The government launched the 2021-2025 National Development Strategy (NDS), which aims to attract both domestic and international investors. The NDS recognises that bold and transformative measures are required to drive economic growth. Additionally, highlights the importance of creating a favourable environment for private investment. It also emphasises the need to leverage Zimbabwe’s competitive advantages, including its natural resource endowment, excellent ecological endowment, and skills base. The NDS’s potential to improve Zimbabwe’s path to growth is commendable.

However, the government’s role in the economy is exceptional for a country of its population size and income level. This could be a significant obstacle to growth. A conservative estimate puts total public spending—including expenditures by the central government, local authorities, and state-owned enterprises and parastatals—at roughly 50 percent of Zimbabwe’s GDP. Moreover, this high expenditure will continue to cripple economic growth if counter measures are not exacted.

Future Prospects

Despite these challenges, Zimbabwe has strong foundations for accelerating future economic growth and improving living standards. The economy has excellent human capital, comparable to that of upper-middle-income economies in Sub-Saharan Africa.
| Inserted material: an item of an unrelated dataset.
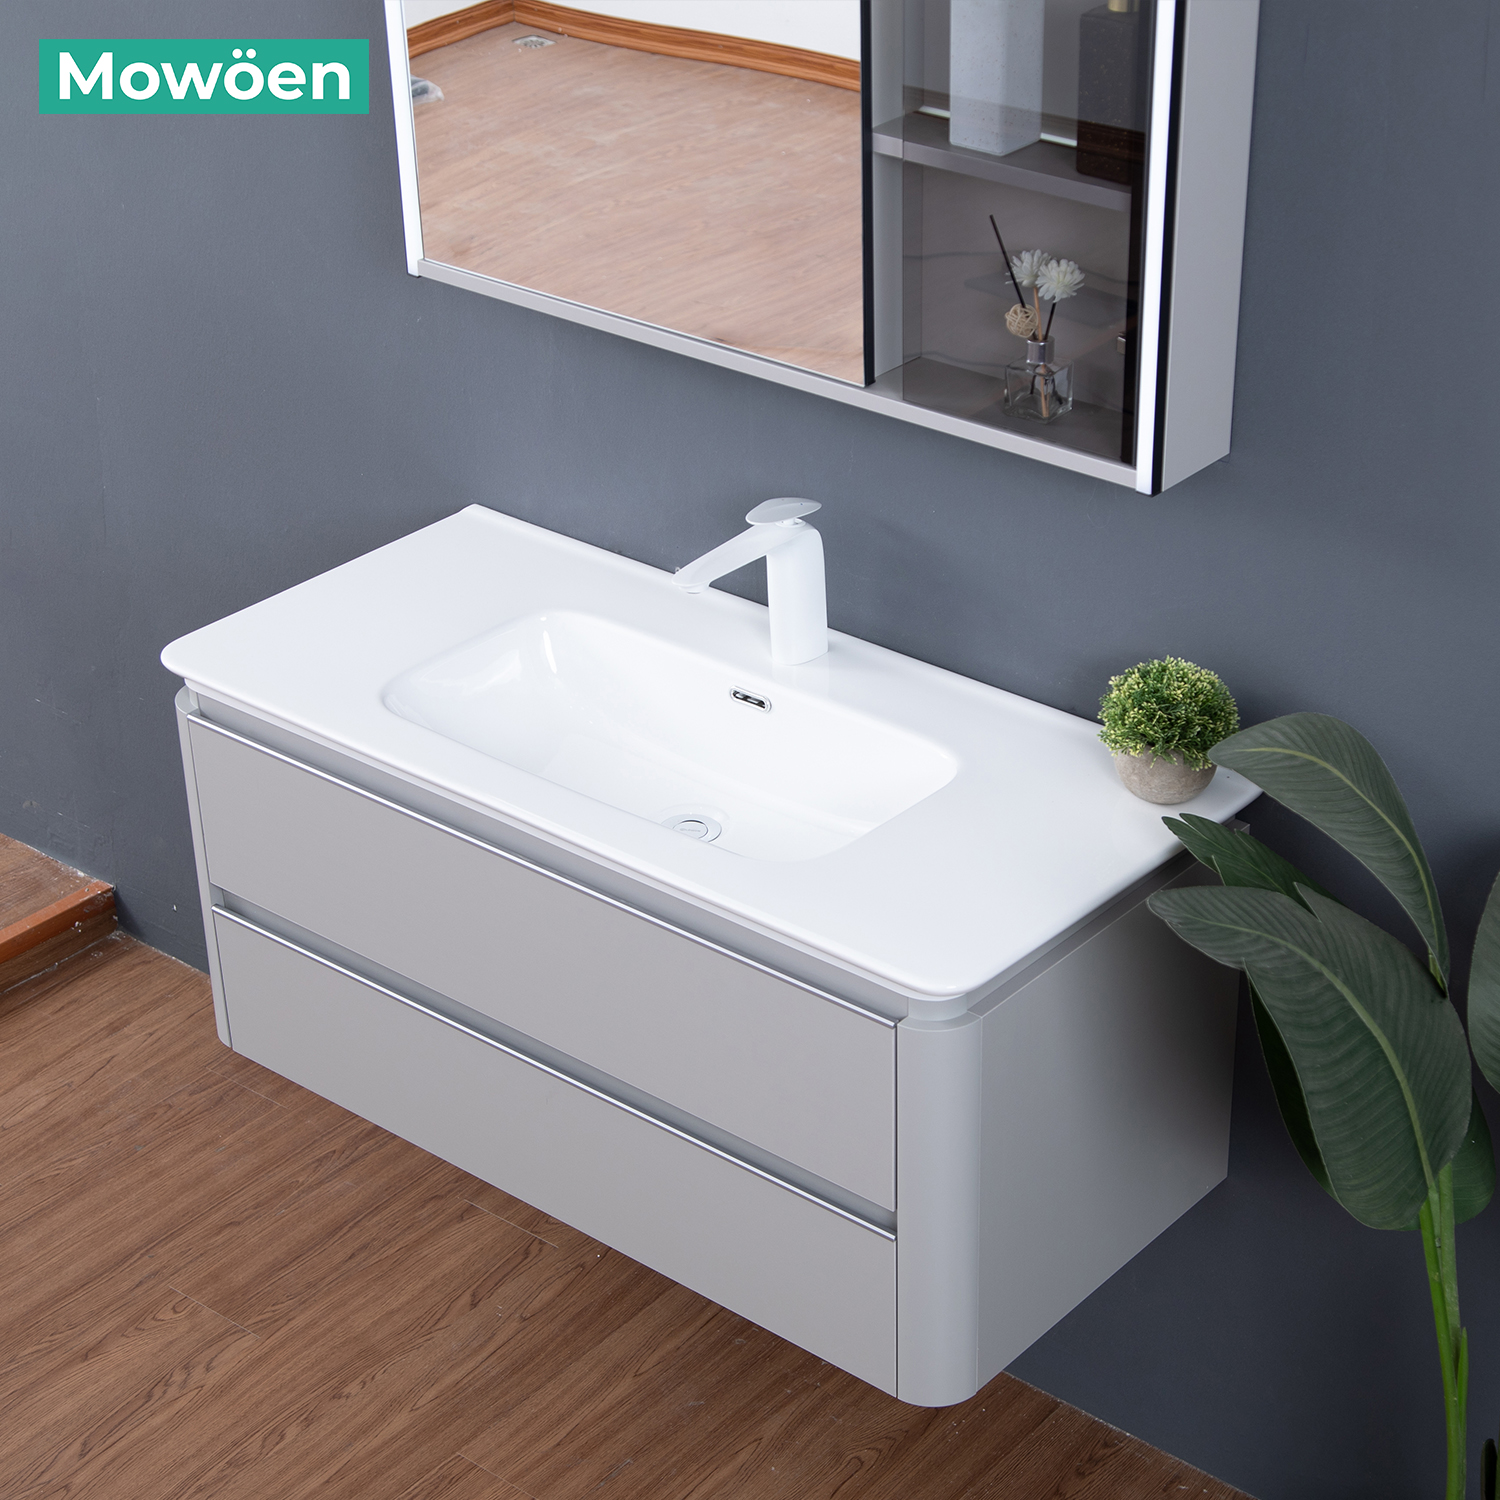 Tủ Lavabo Mowoen MW6632 – 100 chất liệu Plywood treo tường phòng tắm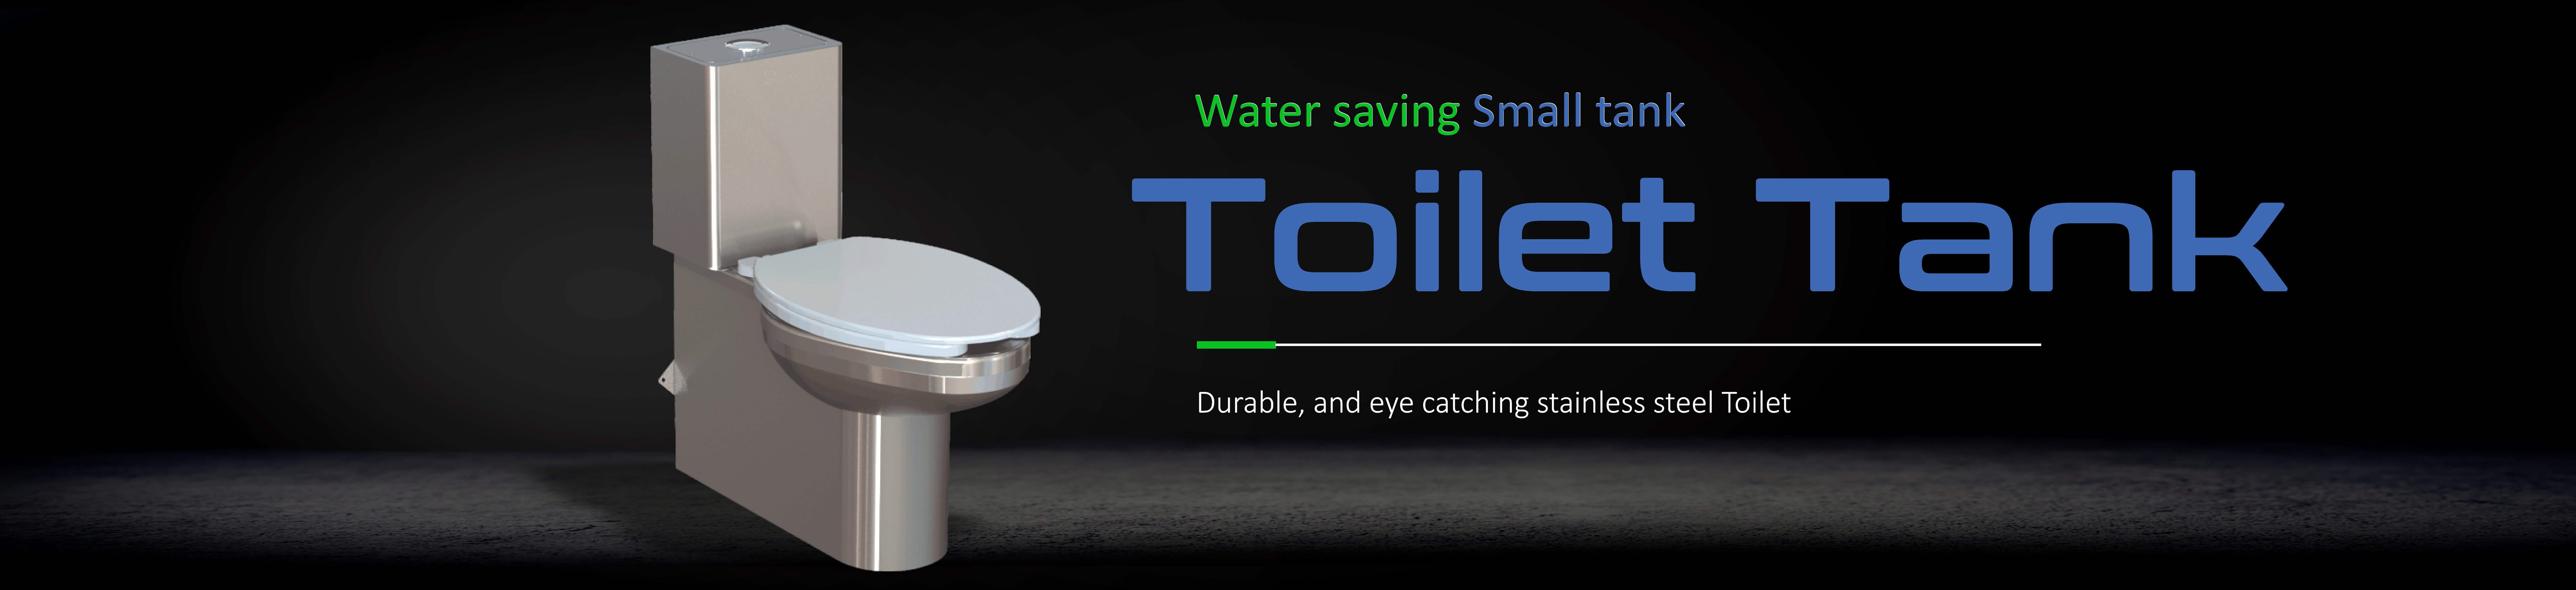 Stainless Steel Toiletk, water saving toilet

Moreover, Zimbabwe possesses abundant mineral and natural resources that, if well managed, can support the country’s development objectives.

In conclusion, Zimbabwe’s path since 2018 has been marked by both challenges and potential. The country’s future growth will depend on its ability to address economic imbalances, manage its debt, and effectively manage its public sector. Despite the difficulties, there are signs of resilience and potential for future growth, particularly in sectors such as agriculture and tourism.